Broken down, the two root words “photo” and “voltaic” mean “light” and “electricity.” So it’s no wonder that photovoltaic (PV) cells are essentially solar-electric energy systems, devices built to convert sunlight into an electrical current. This article will summarize the way photovoltaic cells accomplish their magic and will outline their general stages of development.
A PV cell consists of a diode, which conducts electric currents in a single direction using its semiconductor material. Semiconductors have the ability to transfer heat or electricity between metal and an insulator. This capacity increases along with increases in temperature.
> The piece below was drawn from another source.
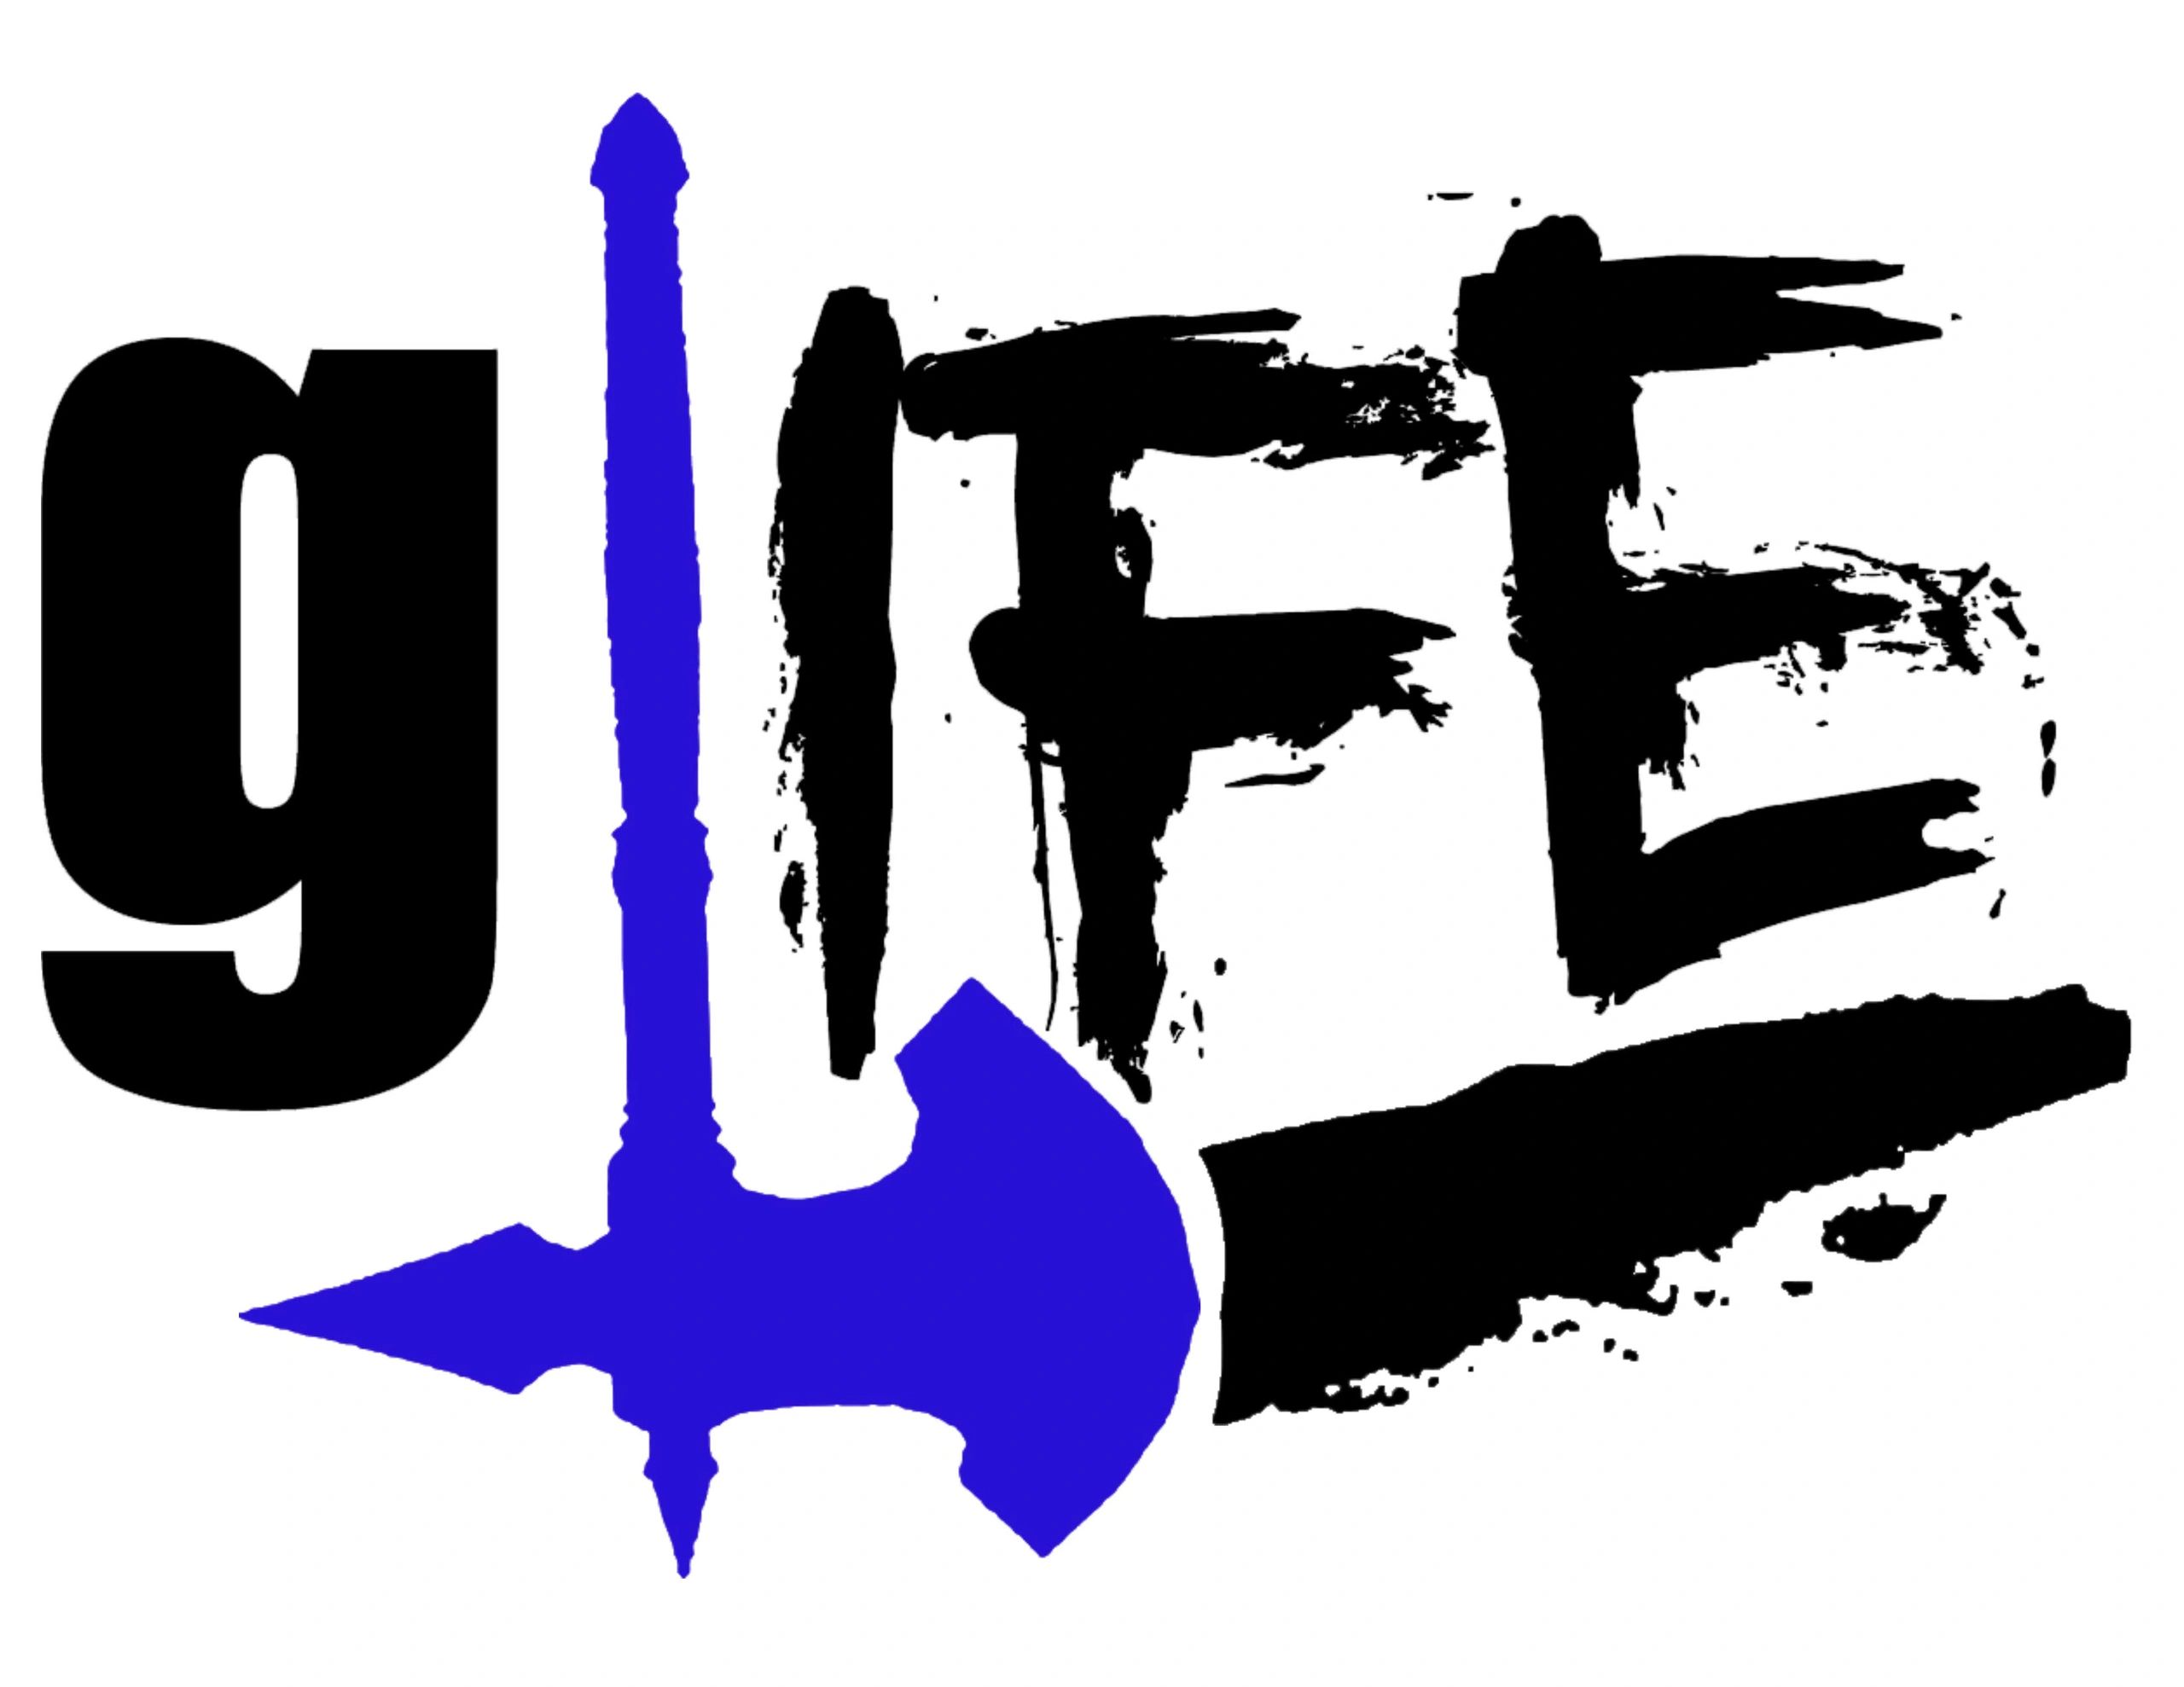 gLife official logo of hip hop artist from Utah g-life aka georgelife the underground rapper

When sunlight hits the solar panel of a PV cell, a portion of that light is absorbed and transferred to the semiconductor. Once the semiconductor receives this solar heat, atoms release electrons, which flow through the semiconductor to create an electrical charge. This electrical charge, or current, is drawn to metal plates located on the top and bottom of the PV cell. From there, it enters an inverter, where it can be transferred to a home’s utility panel for useable energy.
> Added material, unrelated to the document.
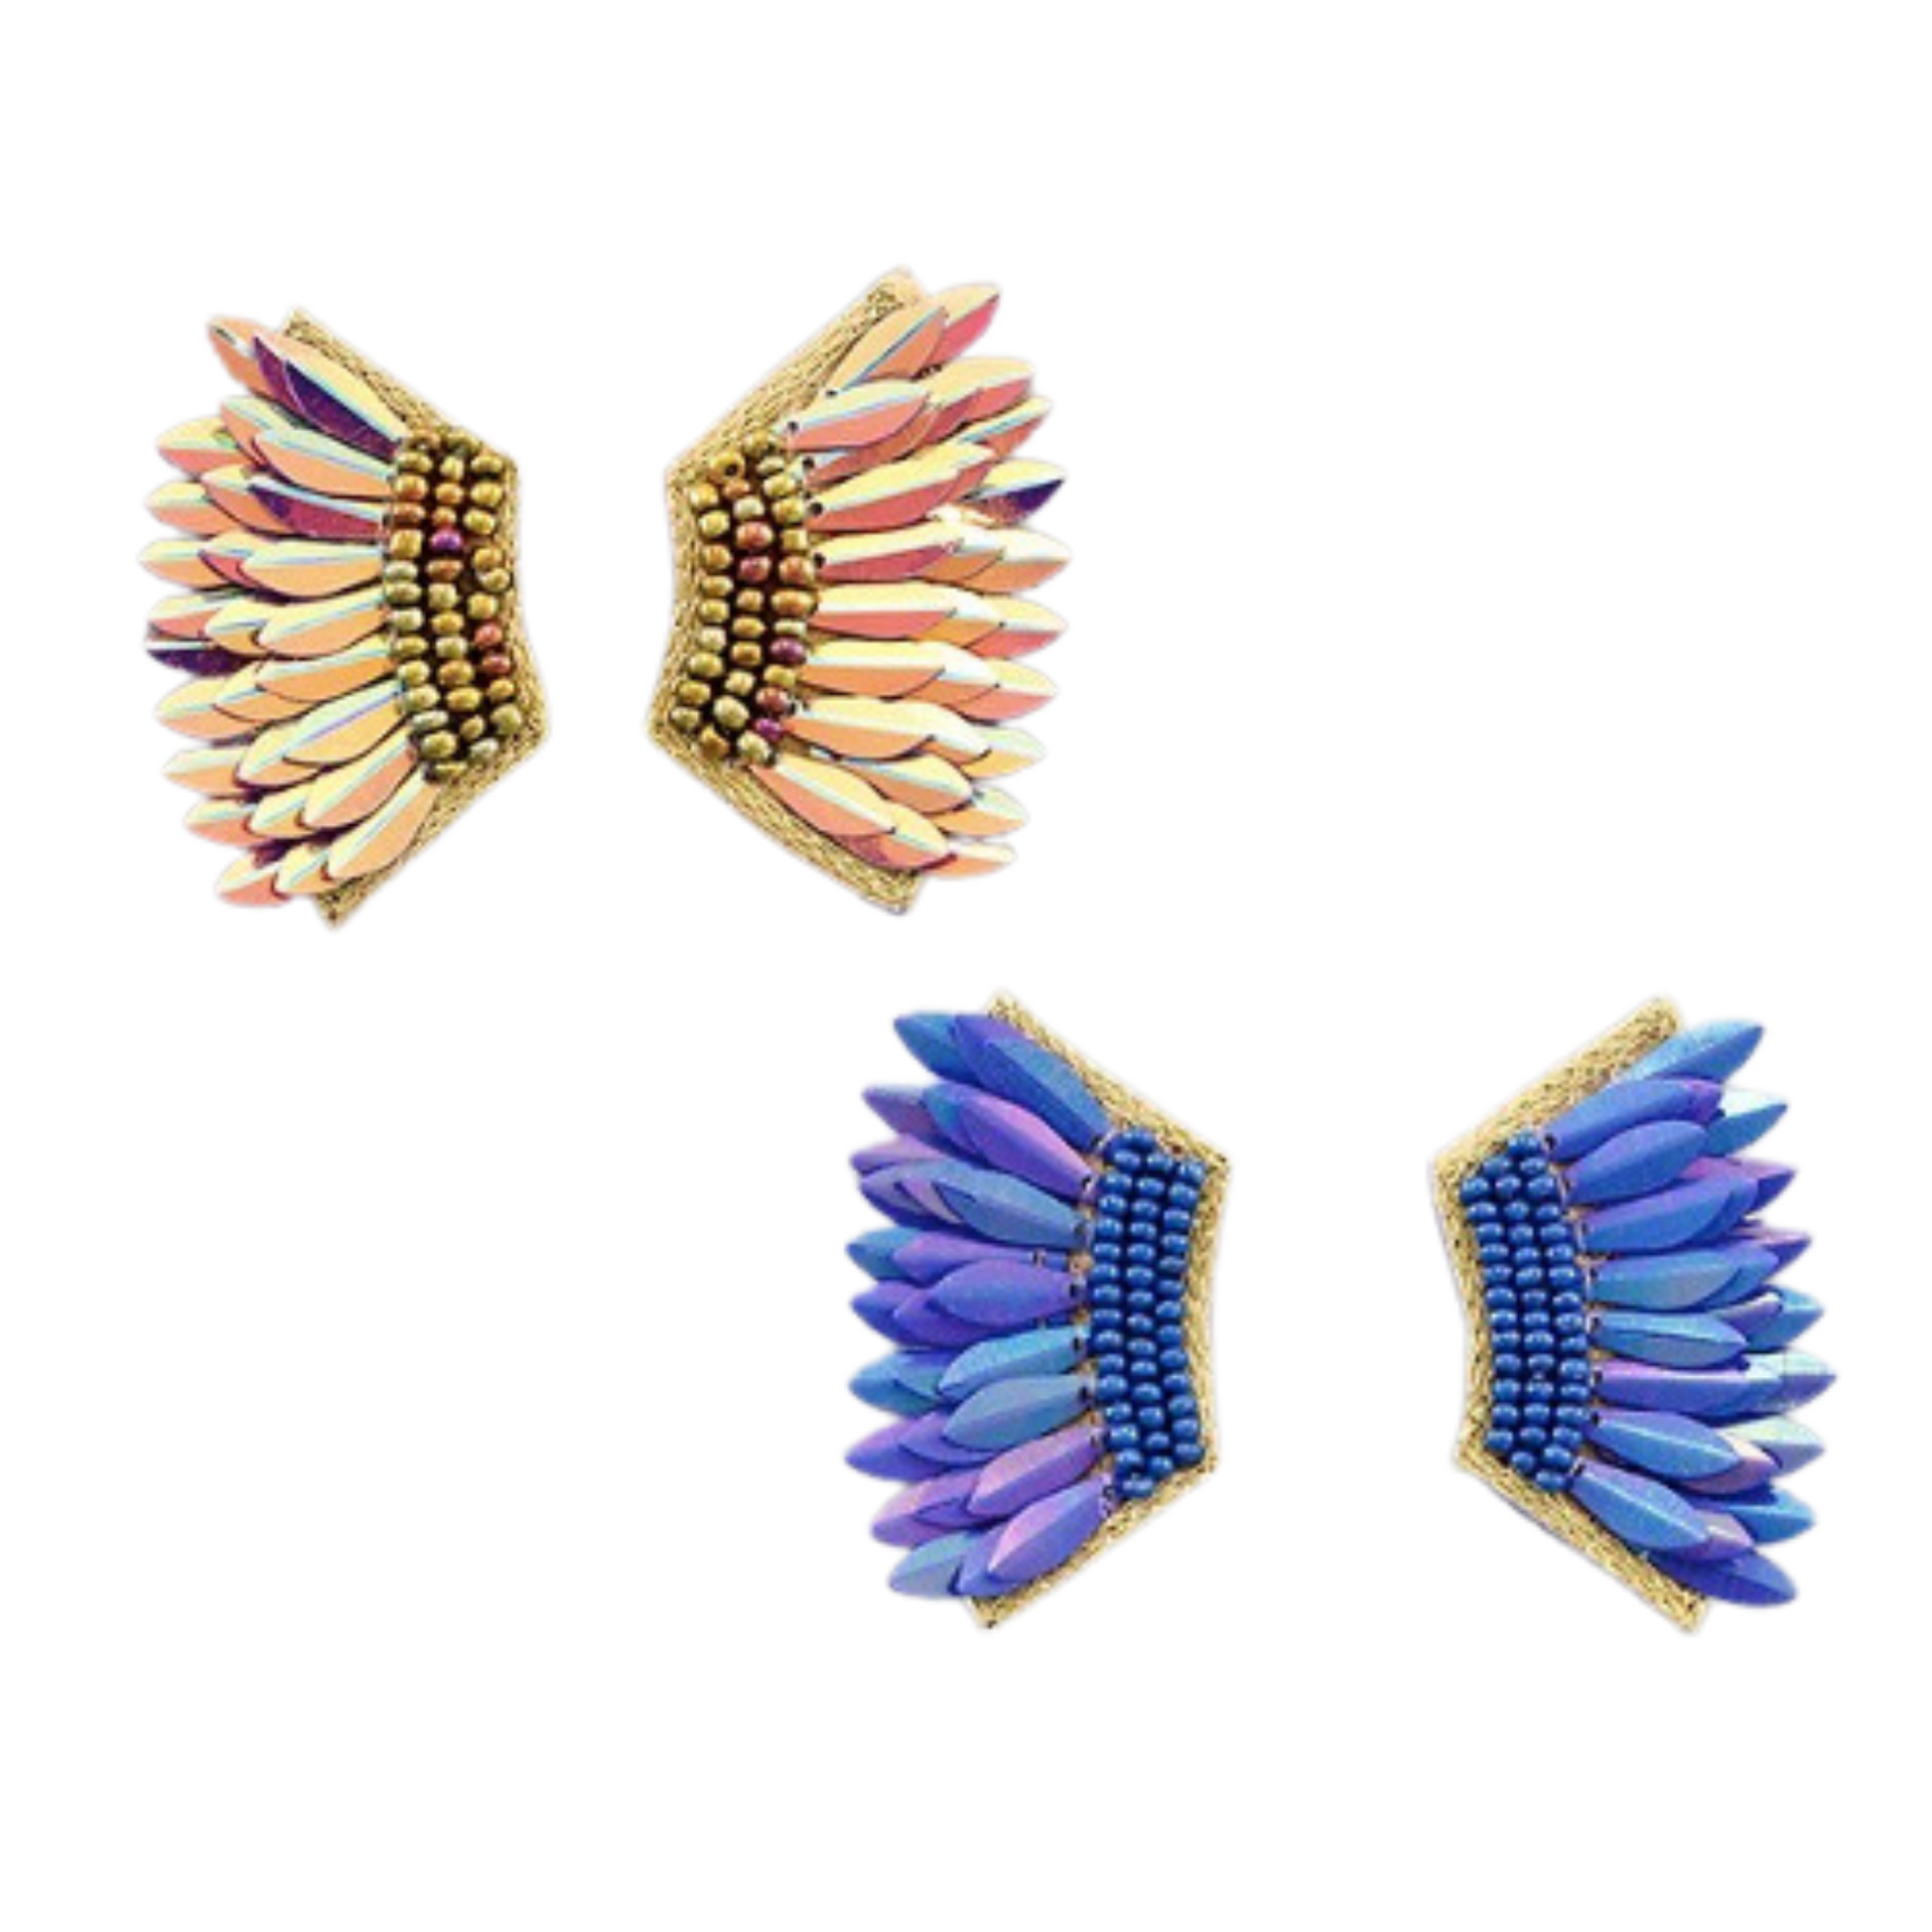 iridescent angel wing earrings. Available in Pink or Blue

Silicon is still the most commonly found semiconductor in an average PV cell. Silicon has a crystalline structure. Each silicon atom consists of three layers filled with electrons that increase in number toward the center of the atom. As electrons in the outer shell are released, the inner electrons move to take their place, resulting in a locked structure. This is why most silicon solar cells are either N-type or P-type silicon cells. Through a doping process, N-type cells include phosporous, enabling more electrons to escape the outer shell of the atomic structure to become electricity. P-type silicon cells are doped with boron, which allows electrons to leave the atomic structure by creating positively charged holes in their place.
The most common semiconductor in PV cells is still the silicon wafer. As technology advances, PV semiconductors are becoming more flexible and diverse. Advancements from the silicon wafer include foil-based solar cells, polymer solar cells, nanocrystal solar cells, dye-sensitized solar cells, and most recently, multispectrum solar cells.